## Your task
All of the data that follows should be given again exactly, without its images.

## Source material
──────────
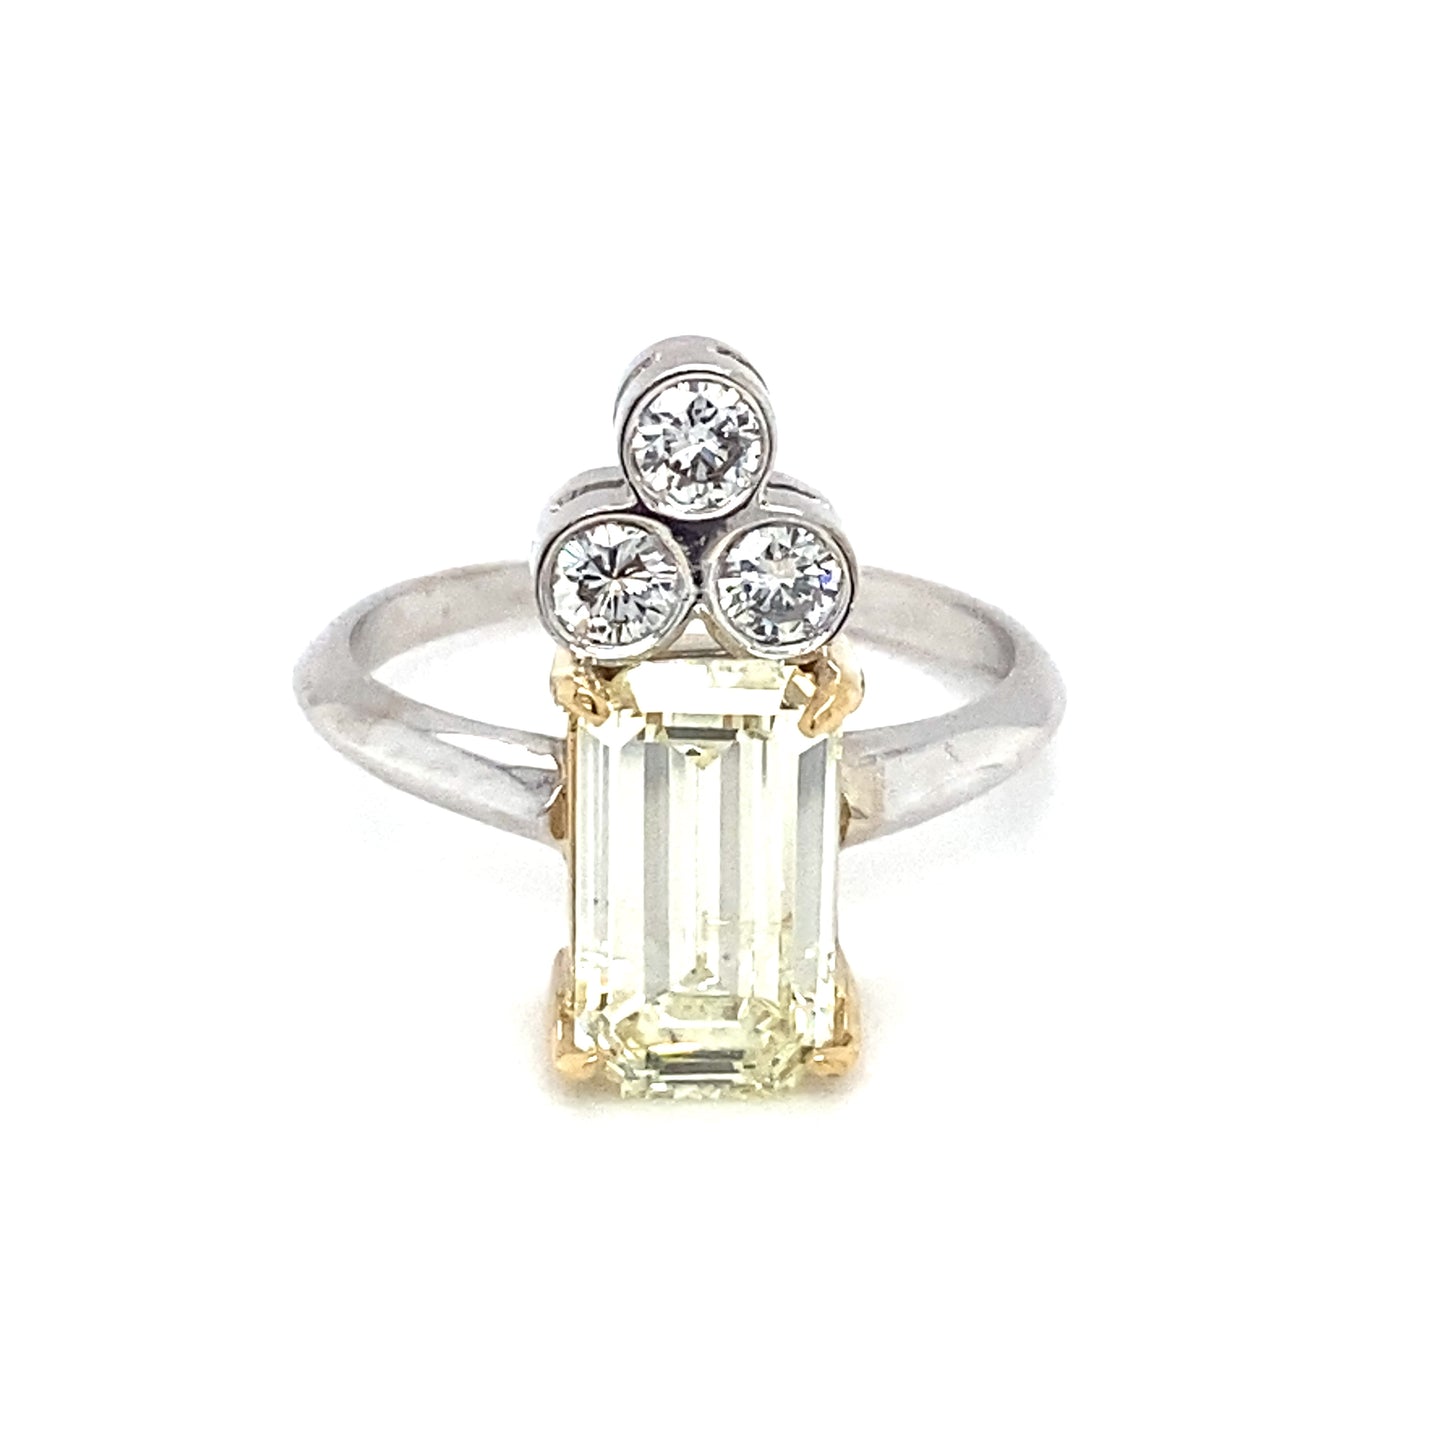 Emerald Cut 2.20ct Diamond Cocktail Ring in 14K White Gold and Platinum
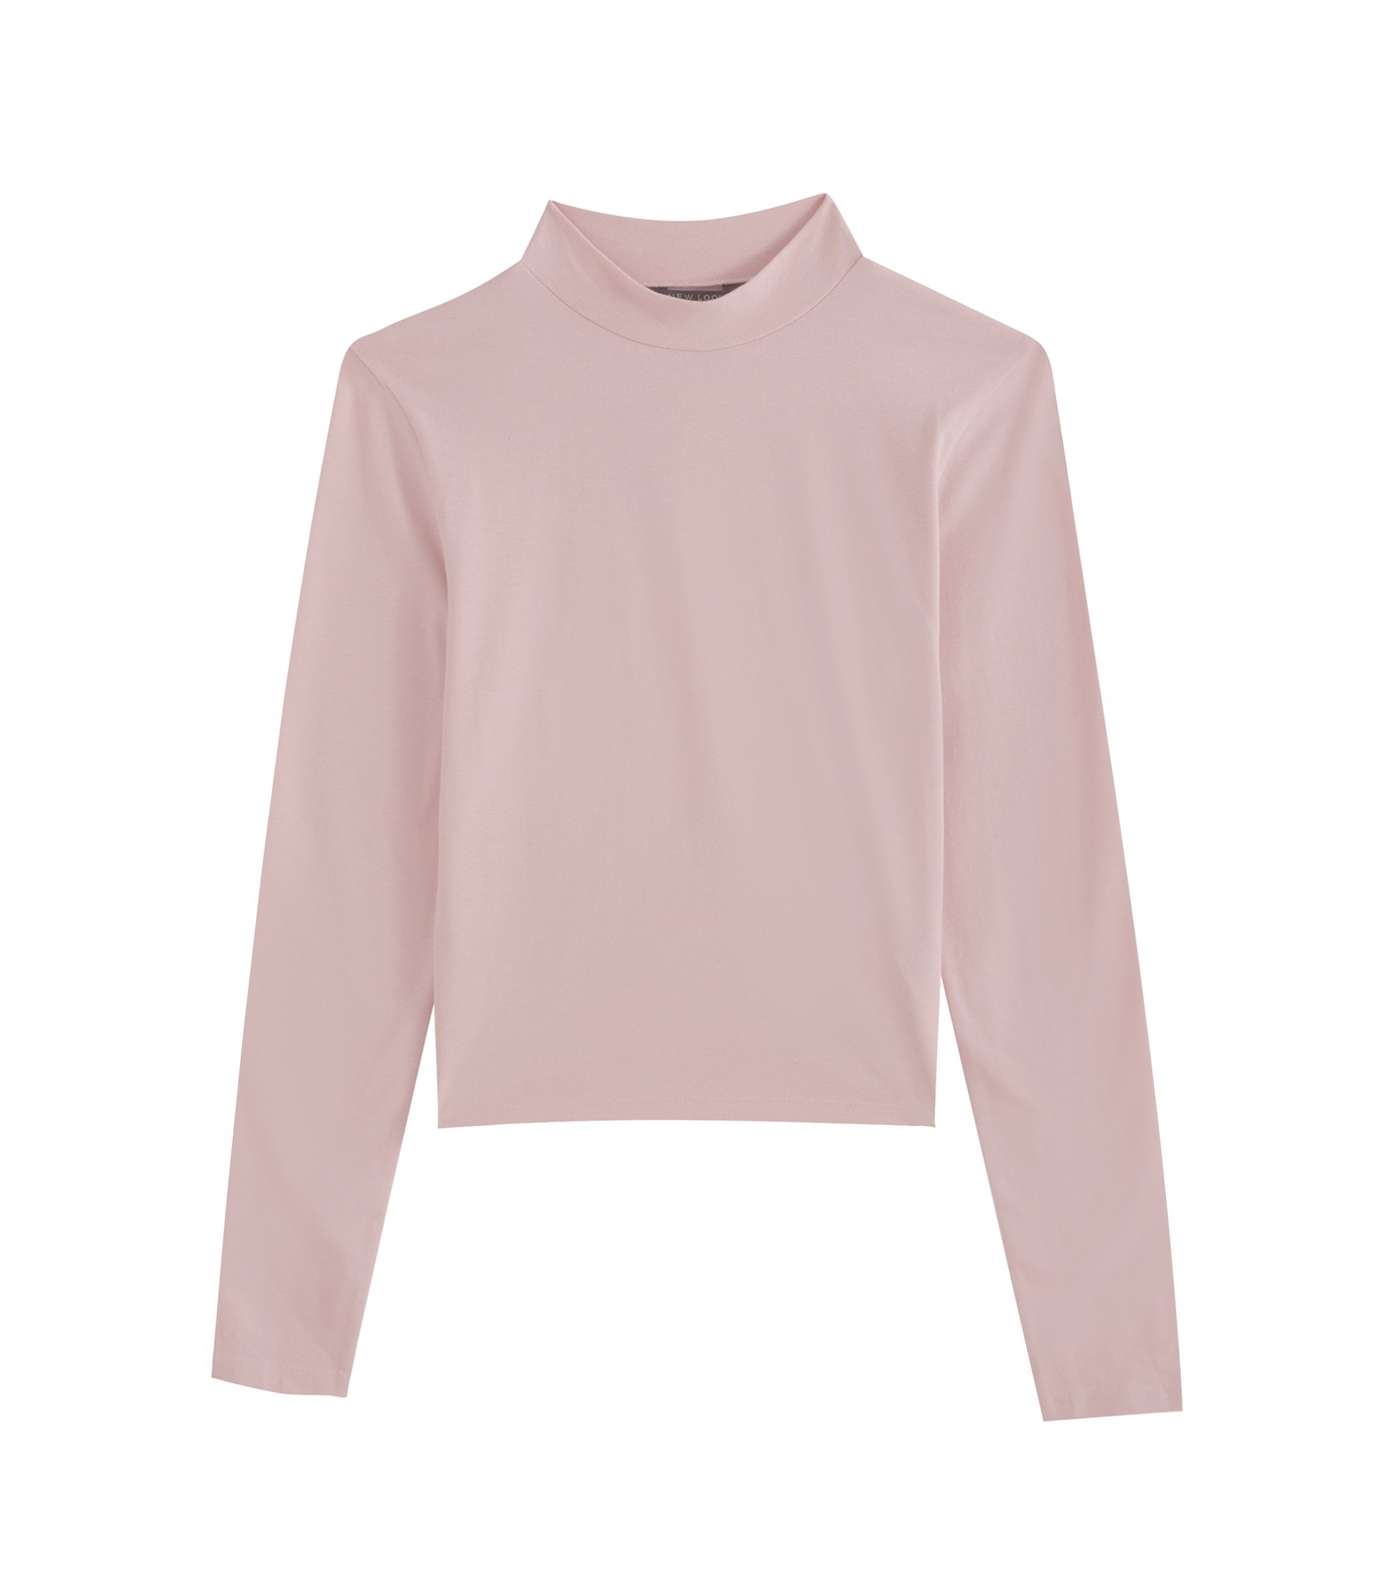 Girls Pale Pink High Neck Long Sleeve Top Image 5
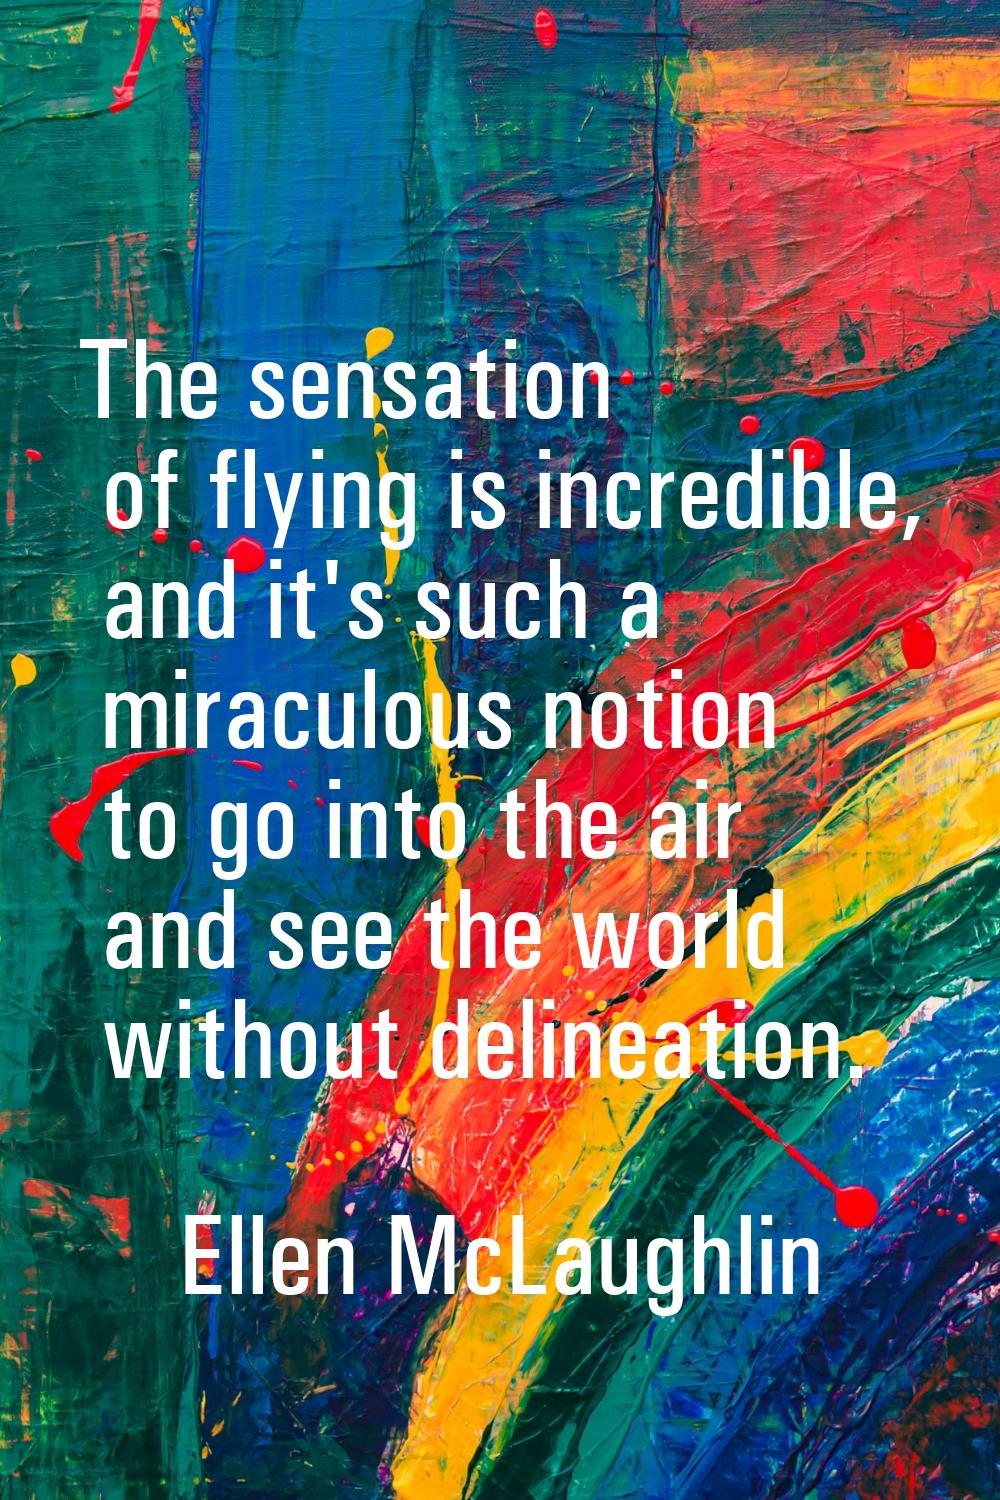 The sensation of flying is incredible, and it's such a miraculous notion to go into the air and see
──────────
## Response for this exercise
 Emerald Cut 2.20ct Diamond Cocktail Ring in 14K White Gold and Platinum
 Girls Pale Pink High Neck Long Sleeve Top Image 5
 The sensation of flying is incredible, and it's such a miraculous notion to go into the air and see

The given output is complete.